Following murder movies from Argento would treasure these elements along with the recurring plot point of the protagonist seeing something of great importance but finding himself either unable to realize or remember what he saw (another favourite of some Bava movies, who was fascinated by the idea of cinema as sensory illusion).

Release

Critical reception

The Bird with the Crystal Plumage has been very well received by critics. On the review aggregator website Rotten Tomatoes the film has an approval rating of 91% based on twenty-two reviews, with the consensus "Combining a deadly thriller plot with the stylized violence that would become his trademark, The Bird with the Crystal Plumage marked an impressive horror debut for Dario Argento."[1]The New York Times wrote, "[It] has the energy to support its elaborateness and the decency to display its devices with style. Something from each of its better models has stuck, and it is pleasant to rediscover old horrors in such handsome new décor. "[2] Roger Ebert gave the film three out of four stars, writing, "it's a pretty good [thriller]", but that "its scares are on a much more basic level than in, say, a thriller by Hitchcock."[3]

It was placed 272nd in Empire magazine's "500 Greatest Movies of All Time" list.[4]

Home media

The film was originally cut by 20 seconds for its US release and received a 'GP' rating, though it was later re-classified as 'PG'. The film was later released on DVD by VCI with the restored violence, but had problems with a sequence of shots referred to as "the panty removal scene". Later pressings fixed it.
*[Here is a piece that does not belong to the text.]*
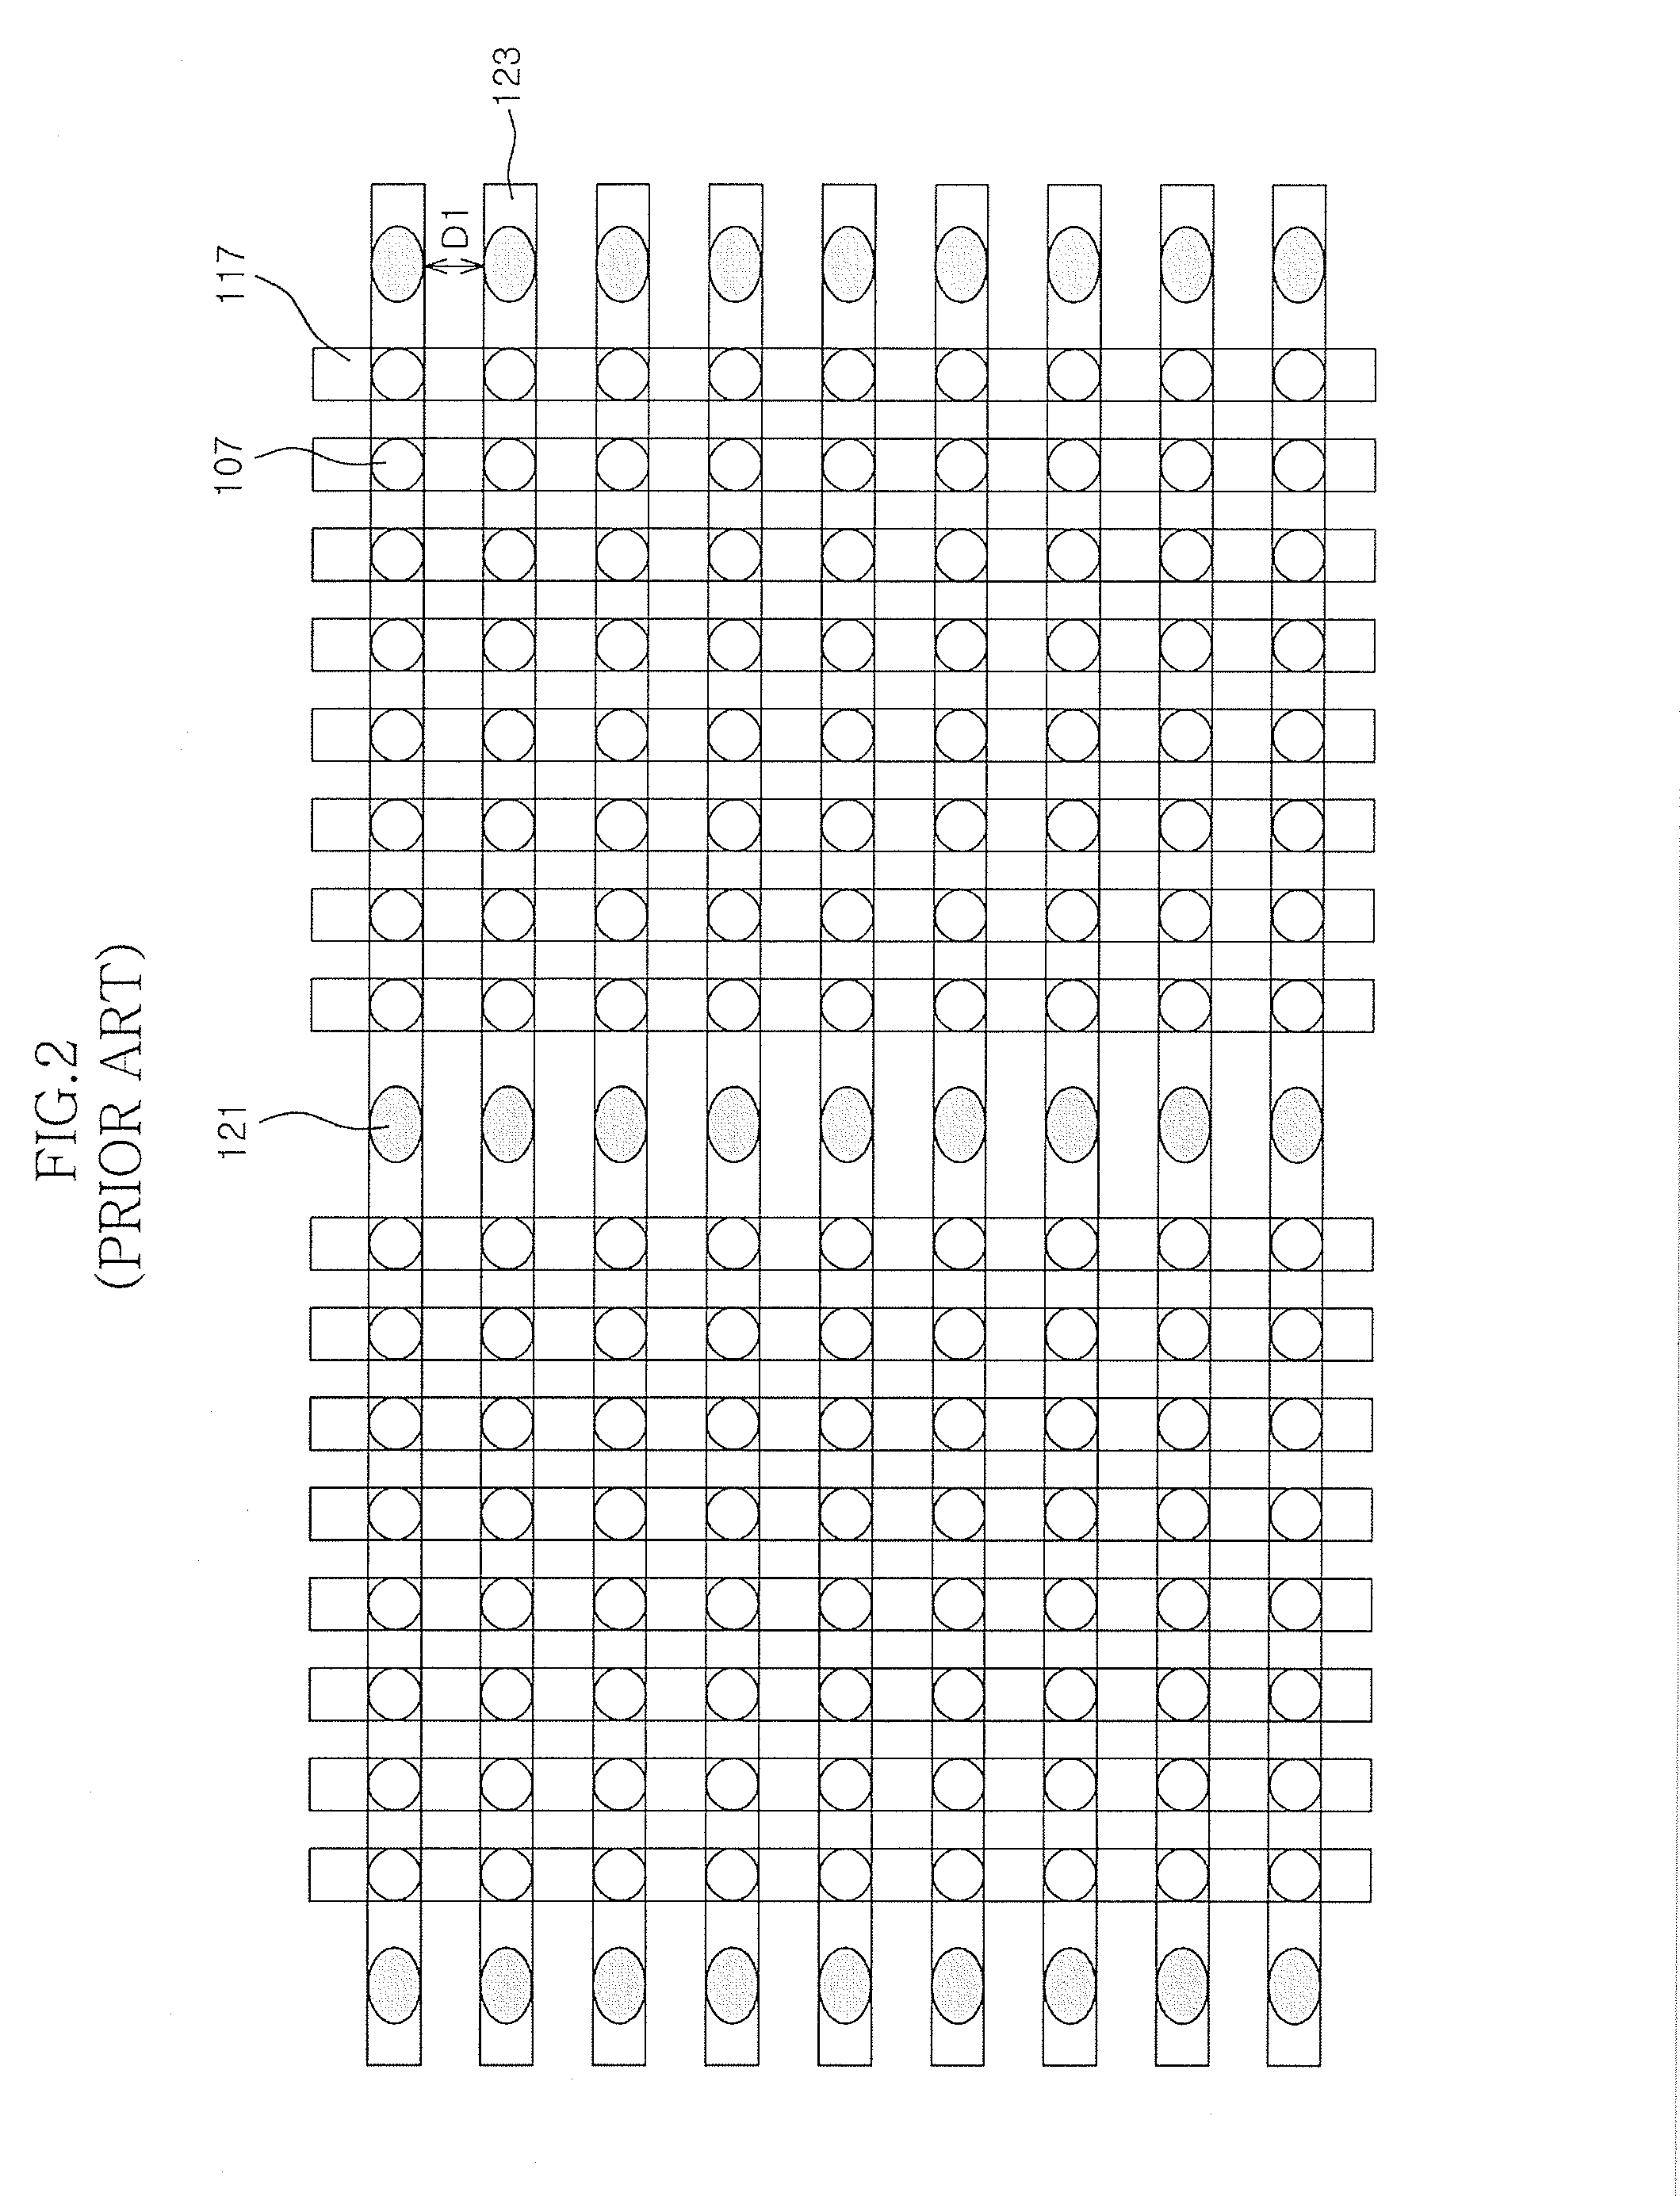 Phase change memory device with alternating adjacent conduction contacts and fabrication method thereof

Blue Underground later obtained the rights and re-released the film completely uncut, adding an extra shot of violence previously unseen. The picture was completely restored and the sound was remixed into both 5.1 audio for both Italian and English tracks, but contained another soundtrack remixed into DTS-ES 6.1 Discrete in English.

Blue Underground released the film on Blu-ray Disc on 24 February 2009. Tech specs saw a BD-50 dual-layer presentation with newly remastered 1080p video and English audio tracks in DTS-HD Lossless Master Audio 7.1 Surround and Dolby TrueHD 7.1 Surround plus the original Italian audio track. It is now out-of-print. VCI announced on their Facebook page that they plan to release the film on Blu-ray Disc sometime soon.[5]

The cut US print was released in the UK in 1970 as The Gallery Murders and received no further cuts. However when the uncut version was reissued for cinema in 1983 under its original title it was cut by the BBFC to the infamous "panty murder" sequence, and these cuts persisted until 2011 when the complete version was finally passed uncut for the Arrow DVD release.